When you reach the line containing "Rug made of" in the records below, start copying exactly, and stop once you have copied the line containing "The Voice of Holland backdrop".
[Opening Given information section]
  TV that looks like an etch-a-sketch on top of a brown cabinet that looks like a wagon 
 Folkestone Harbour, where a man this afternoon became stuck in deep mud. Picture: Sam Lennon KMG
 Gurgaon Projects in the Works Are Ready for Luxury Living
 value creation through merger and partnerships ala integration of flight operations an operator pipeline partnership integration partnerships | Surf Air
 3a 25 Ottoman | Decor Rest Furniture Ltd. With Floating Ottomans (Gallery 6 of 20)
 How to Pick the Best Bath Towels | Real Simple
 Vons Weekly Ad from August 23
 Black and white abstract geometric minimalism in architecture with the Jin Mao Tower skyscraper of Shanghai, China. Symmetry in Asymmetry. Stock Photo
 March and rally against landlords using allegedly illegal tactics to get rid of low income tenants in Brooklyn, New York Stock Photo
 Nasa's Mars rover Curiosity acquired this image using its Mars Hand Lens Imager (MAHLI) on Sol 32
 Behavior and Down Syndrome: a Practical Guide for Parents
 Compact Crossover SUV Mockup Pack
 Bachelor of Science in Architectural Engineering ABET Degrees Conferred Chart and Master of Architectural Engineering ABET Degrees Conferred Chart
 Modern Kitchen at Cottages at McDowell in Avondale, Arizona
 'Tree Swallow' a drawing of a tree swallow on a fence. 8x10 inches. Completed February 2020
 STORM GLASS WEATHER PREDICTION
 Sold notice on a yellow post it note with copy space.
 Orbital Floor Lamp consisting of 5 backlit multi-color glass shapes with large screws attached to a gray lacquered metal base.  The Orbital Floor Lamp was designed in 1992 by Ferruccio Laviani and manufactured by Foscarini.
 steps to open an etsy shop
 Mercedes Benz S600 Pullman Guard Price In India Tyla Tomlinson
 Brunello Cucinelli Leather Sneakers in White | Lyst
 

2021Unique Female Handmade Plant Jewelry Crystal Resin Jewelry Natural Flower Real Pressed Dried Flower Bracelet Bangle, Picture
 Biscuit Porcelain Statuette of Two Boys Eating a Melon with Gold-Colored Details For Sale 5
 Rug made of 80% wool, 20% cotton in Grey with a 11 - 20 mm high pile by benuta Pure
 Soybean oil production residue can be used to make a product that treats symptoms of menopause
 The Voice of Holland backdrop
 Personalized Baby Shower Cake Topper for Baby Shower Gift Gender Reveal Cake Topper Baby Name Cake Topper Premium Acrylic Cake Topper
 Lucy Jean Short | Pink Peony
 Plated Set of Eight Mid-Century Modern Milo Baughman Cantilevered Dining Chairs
[Closing Given information section]
• _Response for this exercise_
 Rug made of 80% wool, 20% cotton in Grey with a 11 - 20 mm high pile by benuta Pure
 Soybean oil production residue can be used to make a product that treats symptoms of menopause
 The Voice of Holland backdrop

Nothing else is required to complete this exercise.